UNITED STATES DISTRICT COURT FOR THE SOUTHERN DISTRICT OF ALABAMA SOUTHERN DIVISION
Mar 9, 2020
CRIMINAL NO. 07-0120-WS (S.D. Ala. Mar. 9, 2020)

Opinion

CRIMINAL NO. 07-0120-WS

03-09-2020

UNITED STATES OF AMERICA v. KEVIN LAKE, Defendant.


ORDER

The defendant has filed a motion requesting correction of clerical error. (Doc. 33). The defendant asserts that the Court should have made his federal sentence run concurrently with a state sentence, imposed after his federal sentencing and based on different conduct, and that the Court may now make this alteration pursuant to Rule 36.

In March 2007, an eight-year boy reported to his mother that the defendant had sexually molested him on multiple occasions. During the ensuing state investigation, the defendant directed agents to a cache of photographs depicting the defendant performing sex acts on multiple juvenile boys. The photographs had been taken years earlier, and one of the victims was the then-minor father of the 2007 victim. (Doc. 17 at 4-7). The 2007 conduct led to state charges, (id. at 11), while the images led to the four charges in this case, to all of which the defendant pleaded guilty.

The Court sentenced the defendant to 365 months (consisting of consecutive sentences of 120 months, 120 months, 65 months and 60 months), which represented a high-end guideline sentence. (Doc. 25 at 2). At sentencing, the Court noted the defendant's 1995 conviction for lewd and lascivious assault on a child; the pornographic images made the basis of the federal prosecution; and the 2007 sexual abuse incident. Taken together, this presented an "extraordinary case" of "reprehensible and destructive conduct aimed at children and spanning a great number of years." These facts and others relevant to the Section 3553(a) analysis fully justified - indeed, cried out for - a high-end guideline sentence. (Doc. 28 at 18-19).

The Court at sentencing was fully aware of the defendant's 2007 conduct and the pending state charges. (Doc. 17 at 4-5, 11; Doc. 28 at 4, 11-12). The Court at sentencing did not state whether the federal sentence would run consecutively to, or concurrently with, any forthcoming state sentence. (Id. at 19-21). Nor does the written judgment do so. (Doc. 25).

"[T]he court may at any time correct a clerical error in a judgment ..., or correct an error in the record arising from oversight or omission." Fed. R. Crim. P. 36. "Rule 36 ... cannot be used ... to make a substantive alteration to a criminal sentence." United States v. Pease, 331 F.3d 809, 816 (11th Cir. 2003).

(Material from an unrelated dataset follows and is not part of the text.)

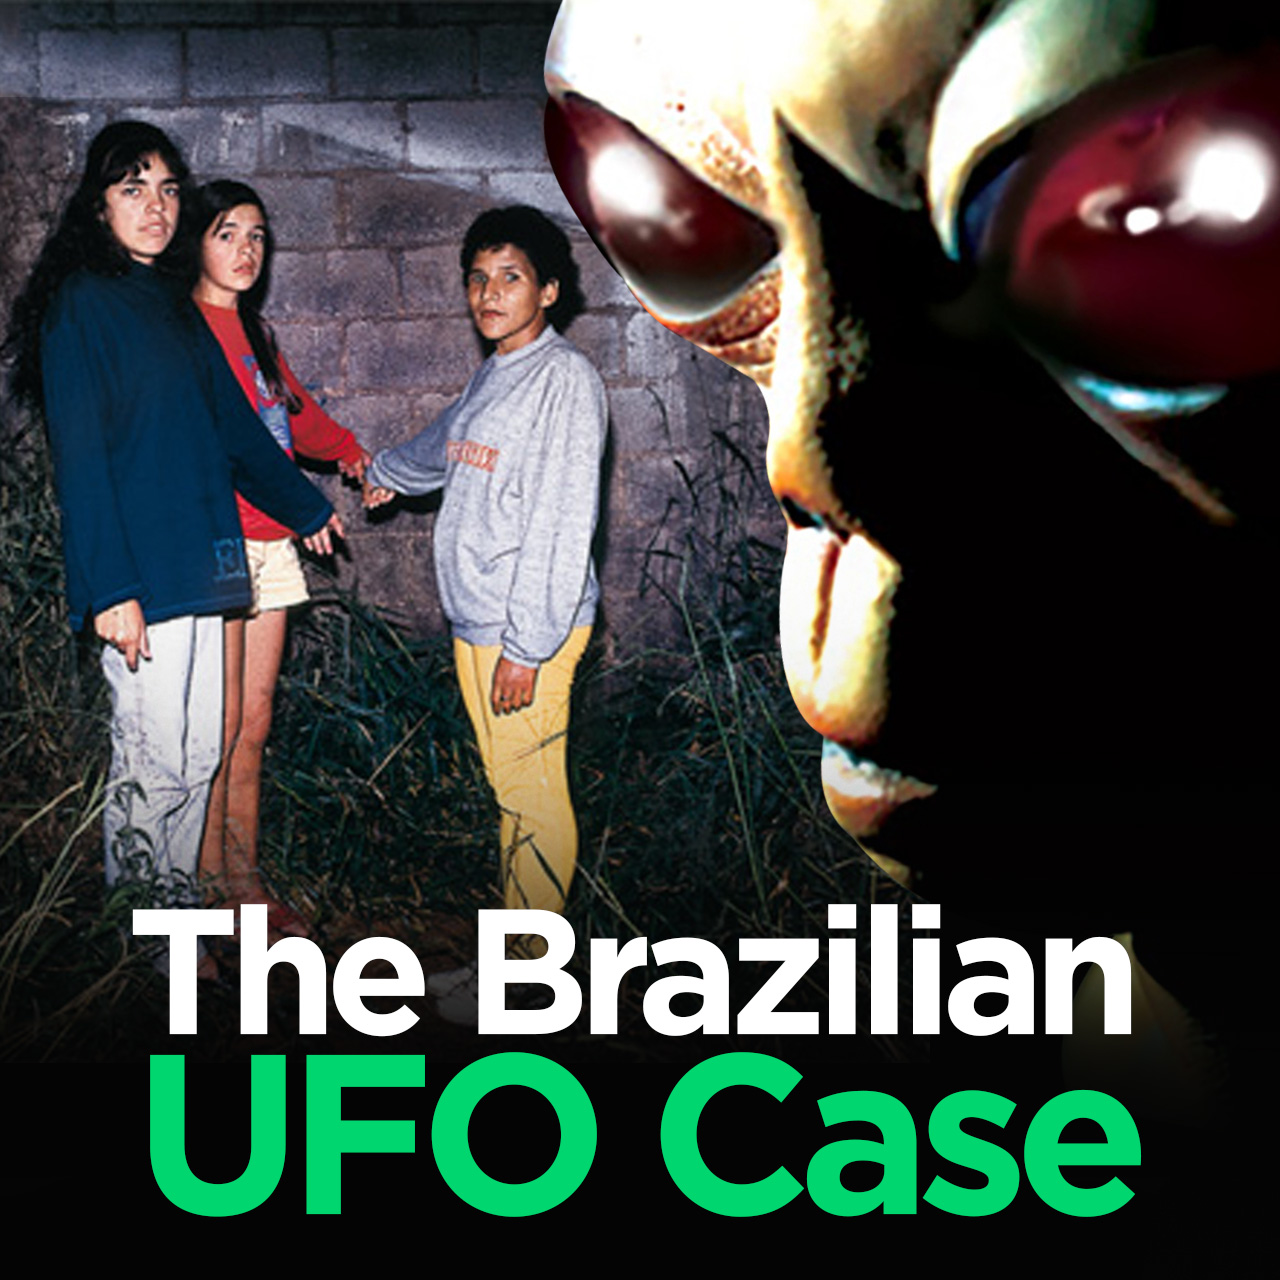 The Strange Case of a UFO in Brazil (Varginha-BR)

The Court's silence regarding the state sentence was not error, clerical or otherwise; on the contrary, it accomplished precisely the Court's intention. By law, "[m]ultiple terms of imprisonment imposed at different times run consecutively unless the court orders that the terms are to run concurrently." 18 U.S.C. § 3584(a). The Court by its silence provided for consecutive sentences, which is the result it intended. As described above, the defendant's federal criminal conduct was not only reprehensible but part of a larger pattern of his sexual abuse of minors, and it required extensive incarceration. Indeed, had the defendant not pleaded guilty and thereby accepted responsibility, the Court upon conviction would have sentenced the defendant to life without parole. (Doc. 28 at 19).

Because the judgment accurately reflects the Court's intention that the defendant's federal sentence be consecutive to any state sentence, there is no clerical error correctable under Rule 36; instead, the defendant seeks an impermissible substantive alteration to his sentence. United States v. Arrington, 763 F.3d 17, 25 (D.C. Cir. 2014); United States v. Cordon, 632 Fed. Appx. 990, 992-93 (11th Cir. 2015).

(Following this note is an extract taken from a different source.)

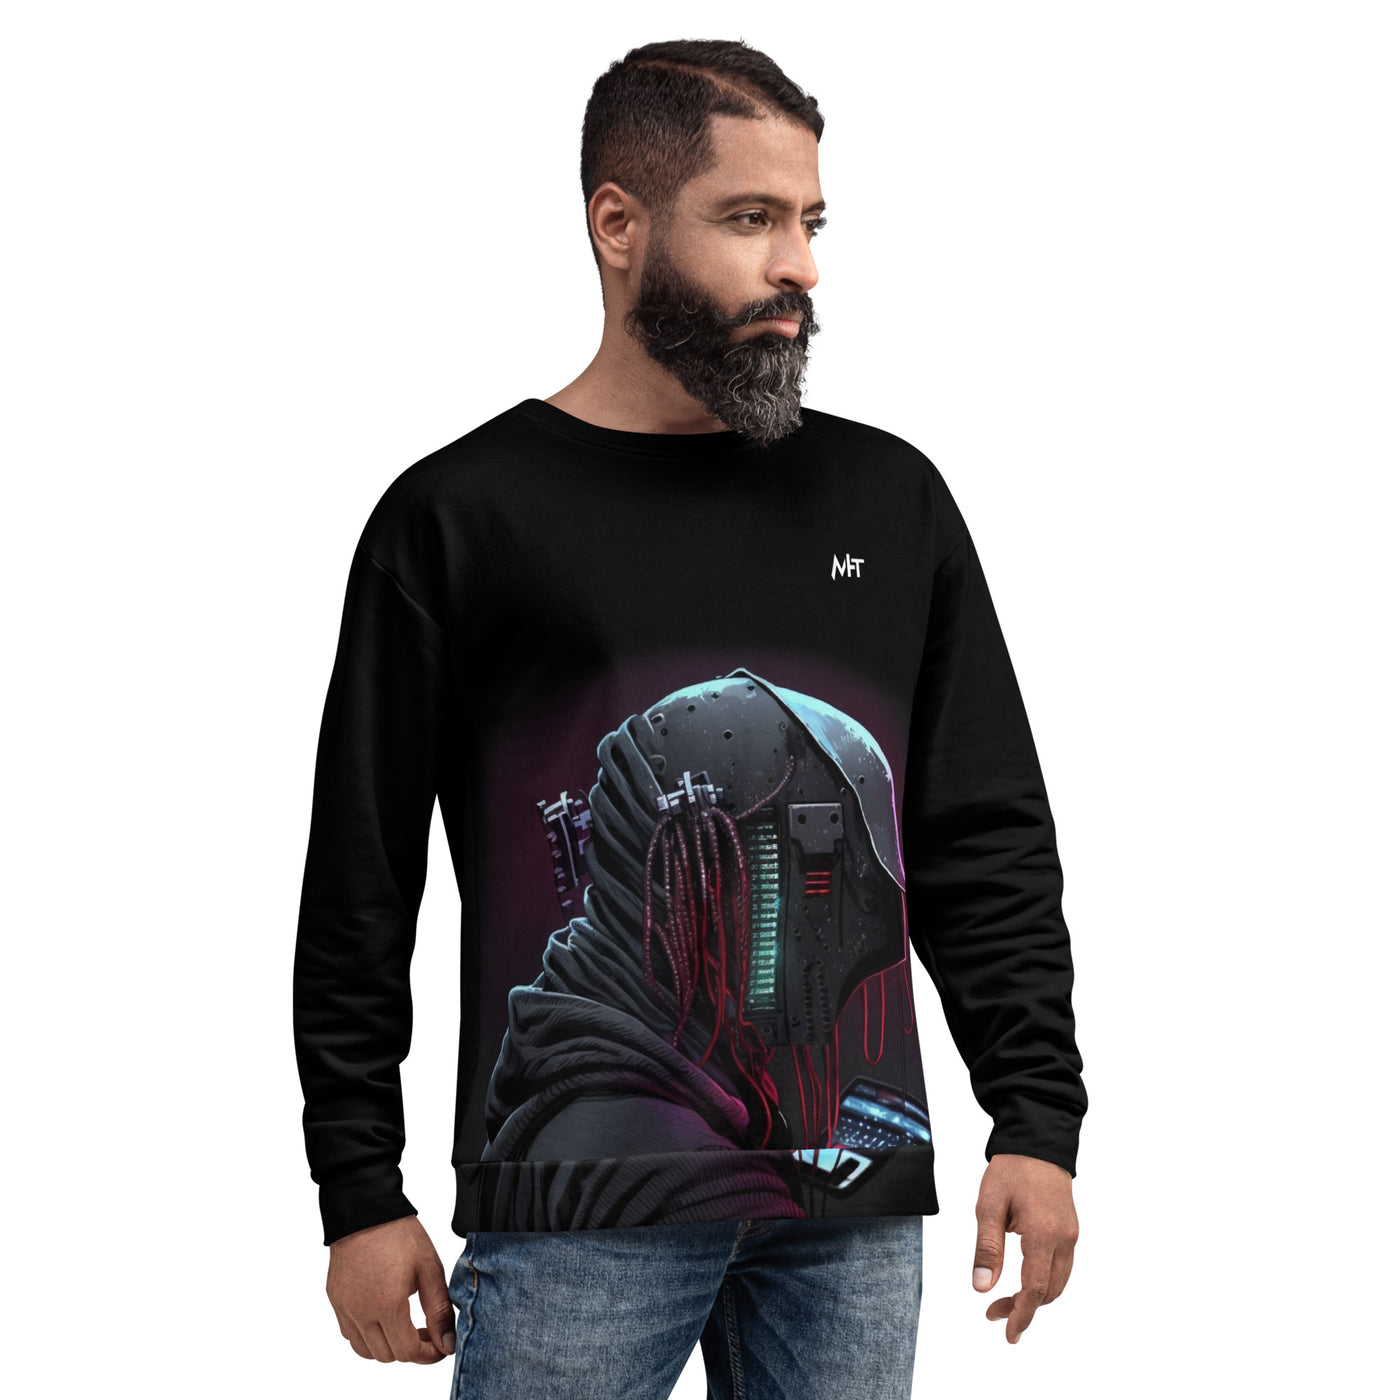 CyberWare Assassin V4 - Unisex Sweatshirt

The defendant objects that the Court did not comply with Section 5G1.3(b) of the Sentencing Guidelines. (Doc. 33 at 3). That provision, however, was irrelevant to the defendant's sentencing. Section 5G1.3(b) applies only when the other offense is "relevant conduct" as defined in Section 1B1.3(a)(1)-(3), and the defendant's 2007 conduct plainly was not relevant conduct as defined therein. (Doc. 17 at 11 (the defendant's sexual abuse of an eight-year-old boy was "not part of relevant conduct")). Nor would any such error, had there been any, fall within the scope of Rule 36.

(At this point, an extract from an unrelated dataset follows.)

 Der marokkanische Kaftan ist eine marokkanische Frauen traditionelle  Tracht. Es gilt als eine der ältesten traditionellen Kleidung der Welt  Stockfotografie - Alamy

For the reasons set forth above, the defendant's motion to correct clerical error is denied.

DONE and ORDERED this 9th day of March, 2020.

s/ WILLIAM H. STEELE

UNITED STATES DISTRICT JUDGE


Summaries of

United States v. Lake

UNITED STATES DISTRICT COURT FOR THE SOUTHERN DISTRICT OF ALABAMA SOUTHERN DIVISION
Mar 9, 2020
CRIMINAL NO. 07-0120-WS (S.D. Ala. Mar. 9, 2020)
Case details for

United States v. Lake

Case Details

Full title:UNITED STATES OF AMERICA v. KEVIN LAKE, Defendant.

Court:UNITED STATES DISTRICT COURT FOR THE SOUTHERN DISTRICT OF ALABAMA SOUTHERN DIVISION

Date published: Mar 9, 2020

Citations

CRIMINAL NO. 07-0120-WS (S.D. Ala. Mar. 9, 2020)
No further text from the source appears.